- **What needs to be done**: Transcribe word for word the section of the records below that opens with the line containing "Londres, Royaume-Uni - Octobre" and closes with the line containing "10 Provinsi Penerima"; drop every picture.

- **Data supplied**:

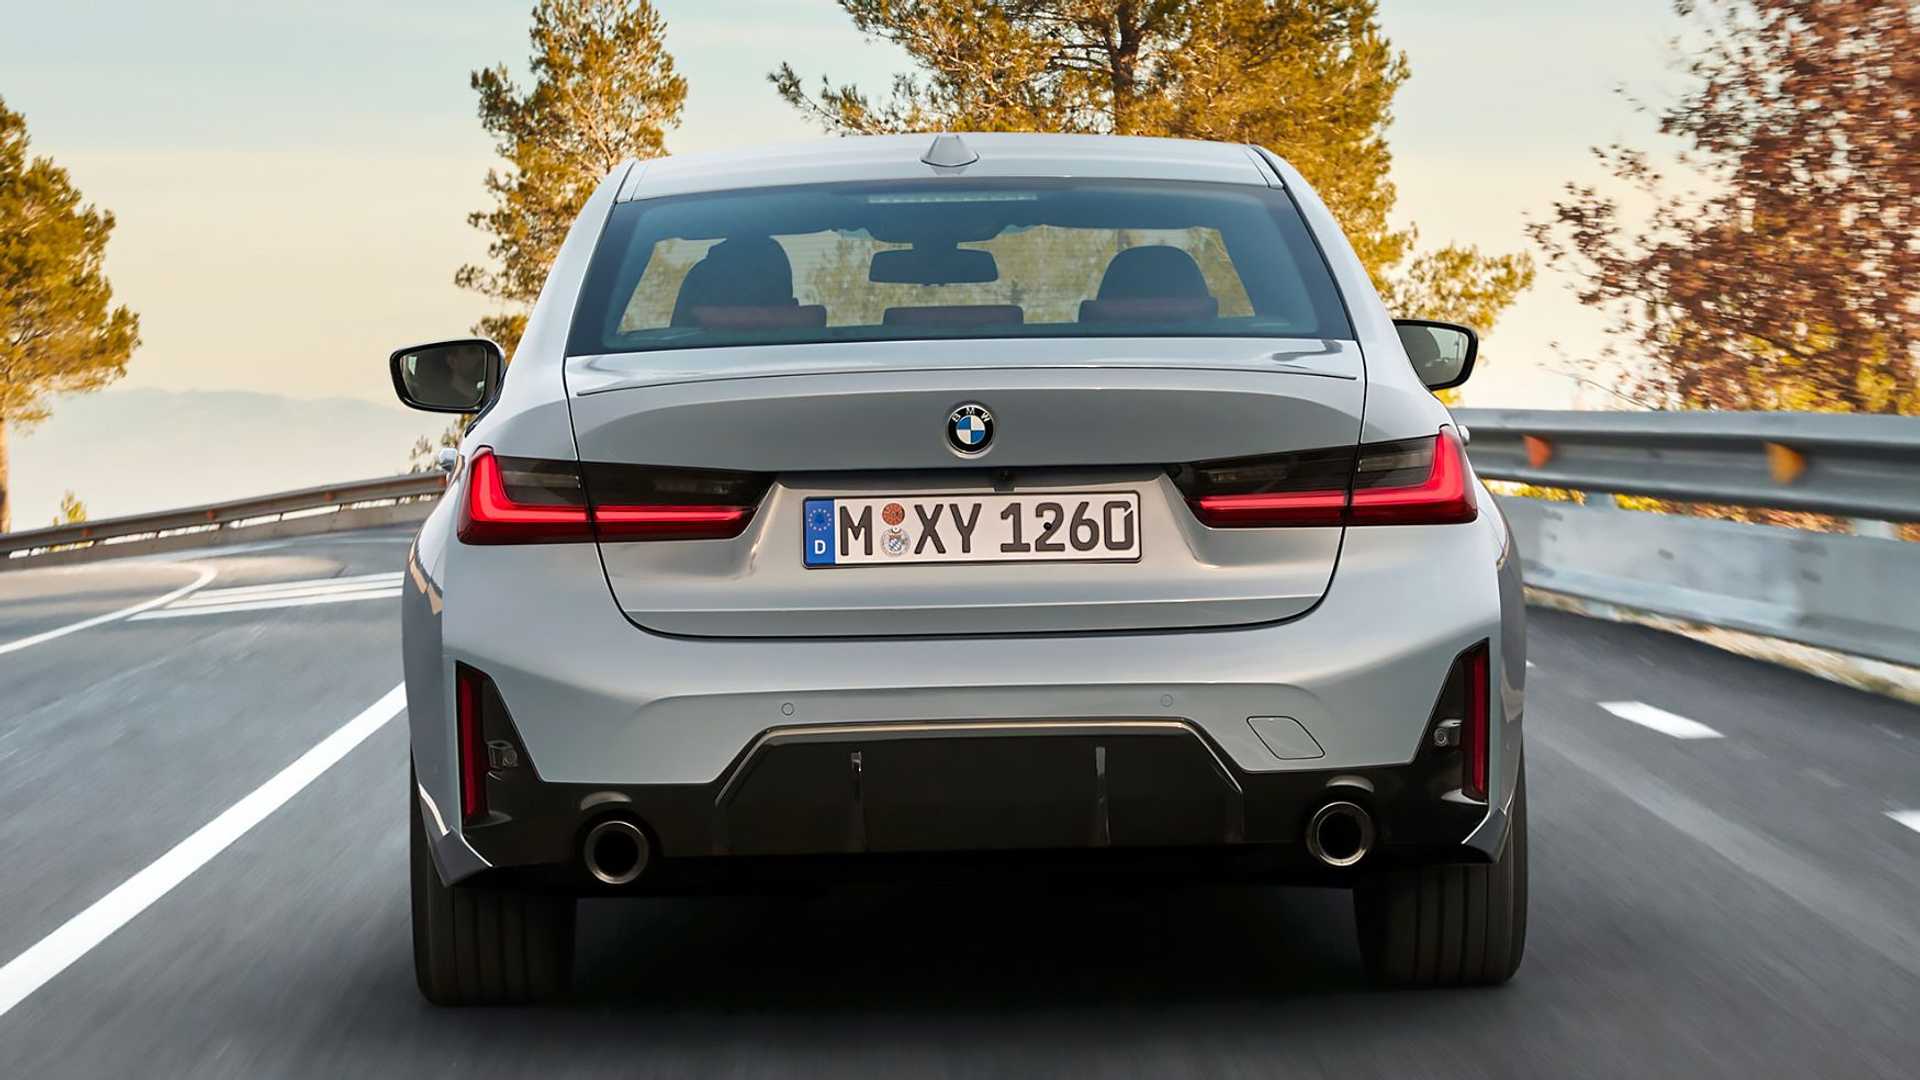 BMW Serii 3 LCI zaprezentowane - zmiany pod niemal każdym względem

* * *

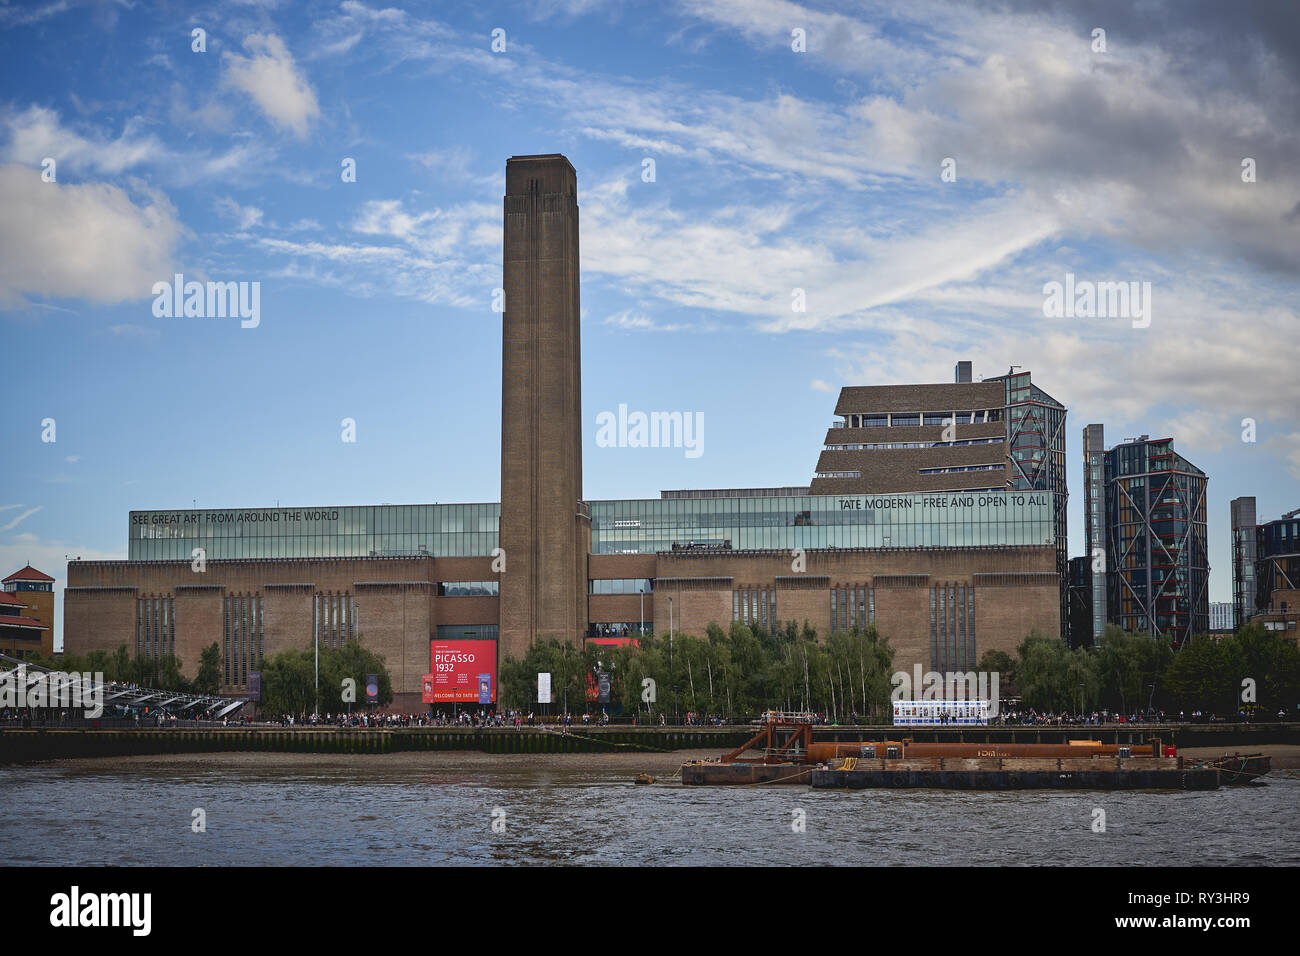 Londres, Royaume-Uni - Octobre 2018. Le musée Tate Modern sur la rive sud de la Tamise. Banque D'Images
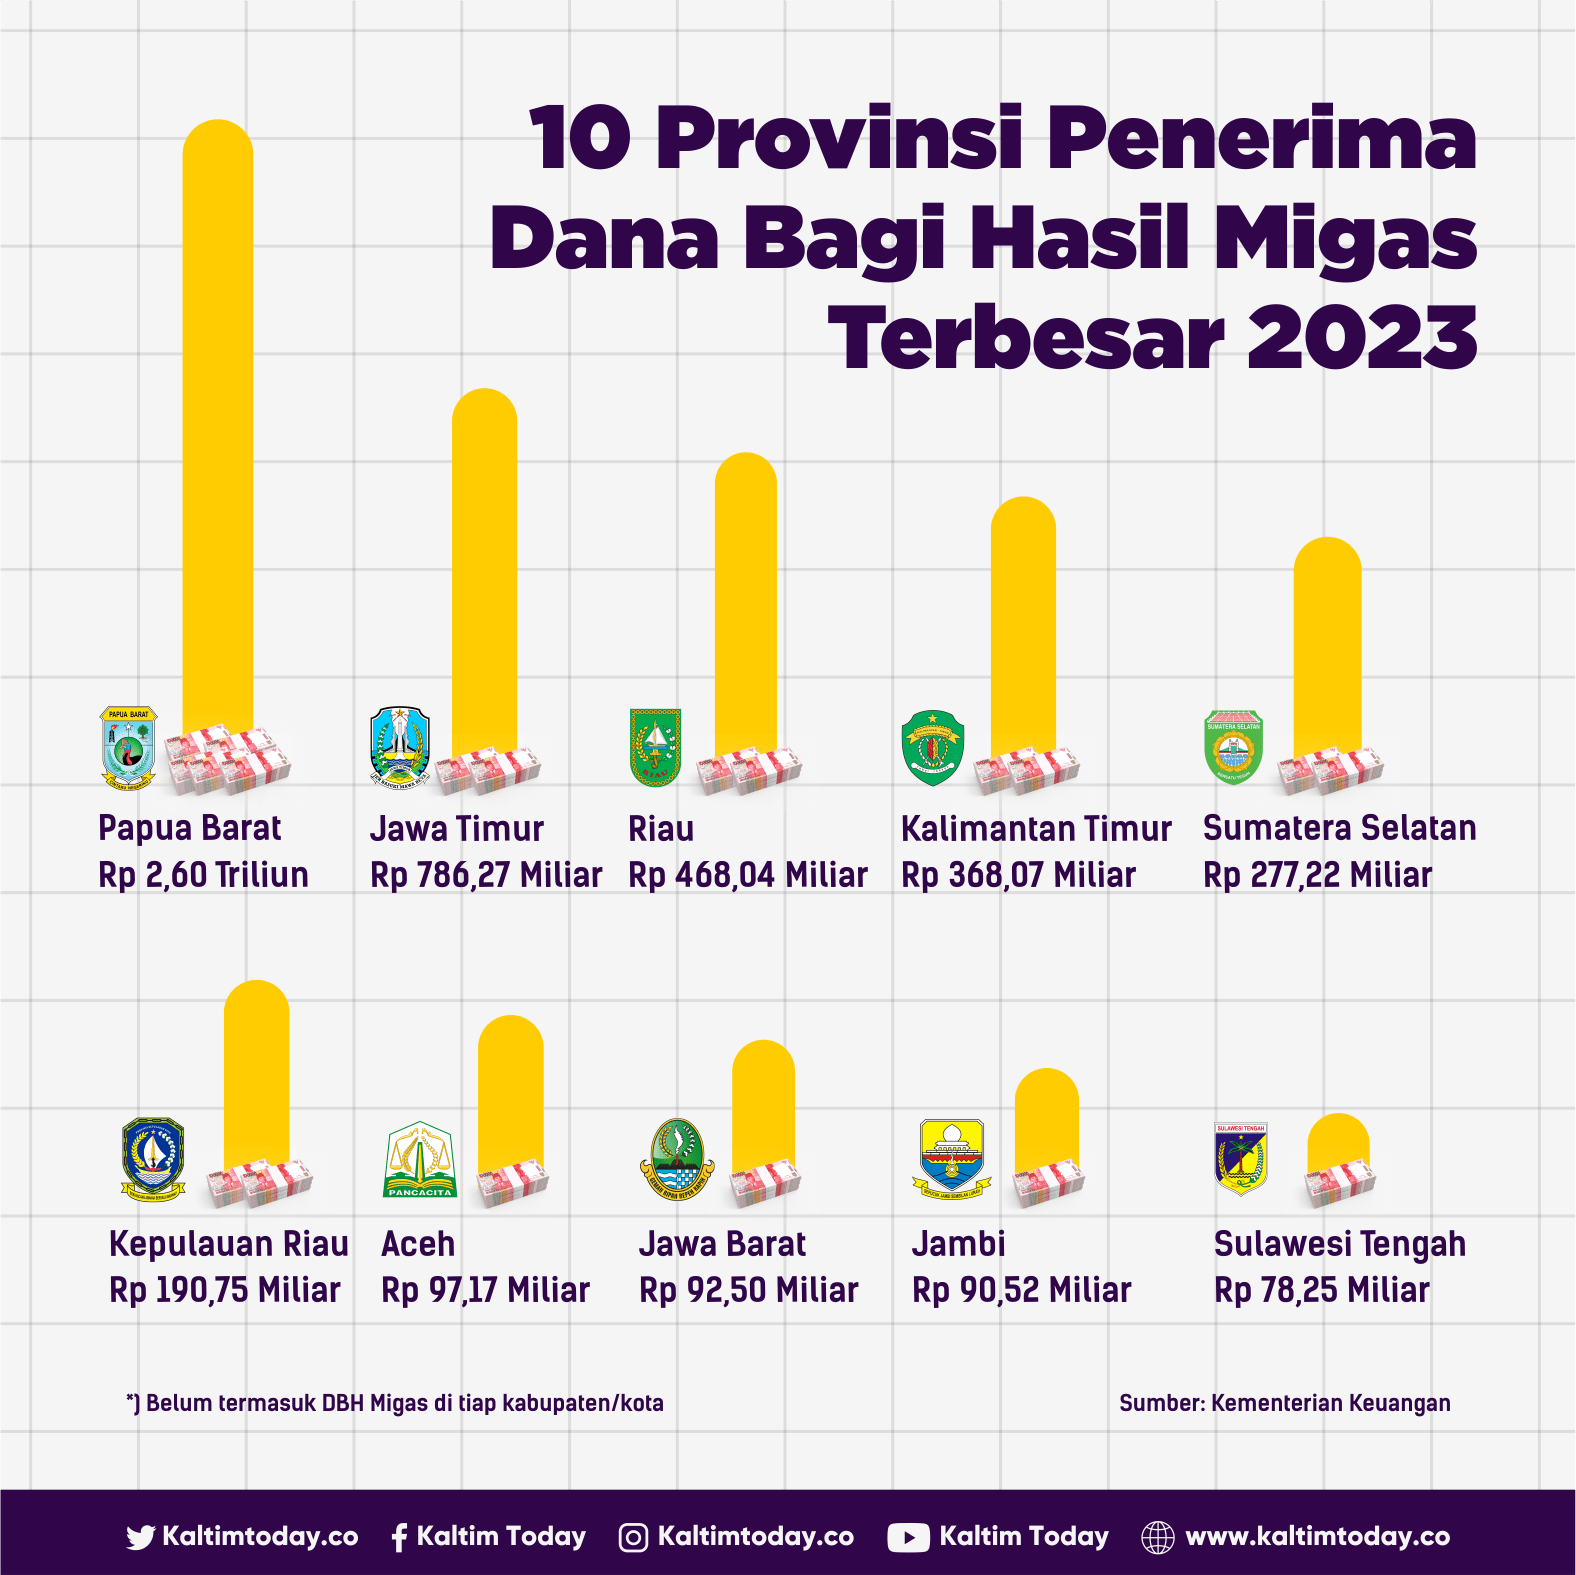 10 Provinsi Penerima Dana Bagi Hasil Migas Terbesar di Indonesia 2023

- **Solution to this exercise**:
 Londres, Royaume-Uni - Octobre 2018. Le musée Tate Modern sur la rive sud de la Tamise. Banque D'Images
 10 Provinsi Penerima Dana Bagi Hasil Migas Terbesar di Indonesia 2023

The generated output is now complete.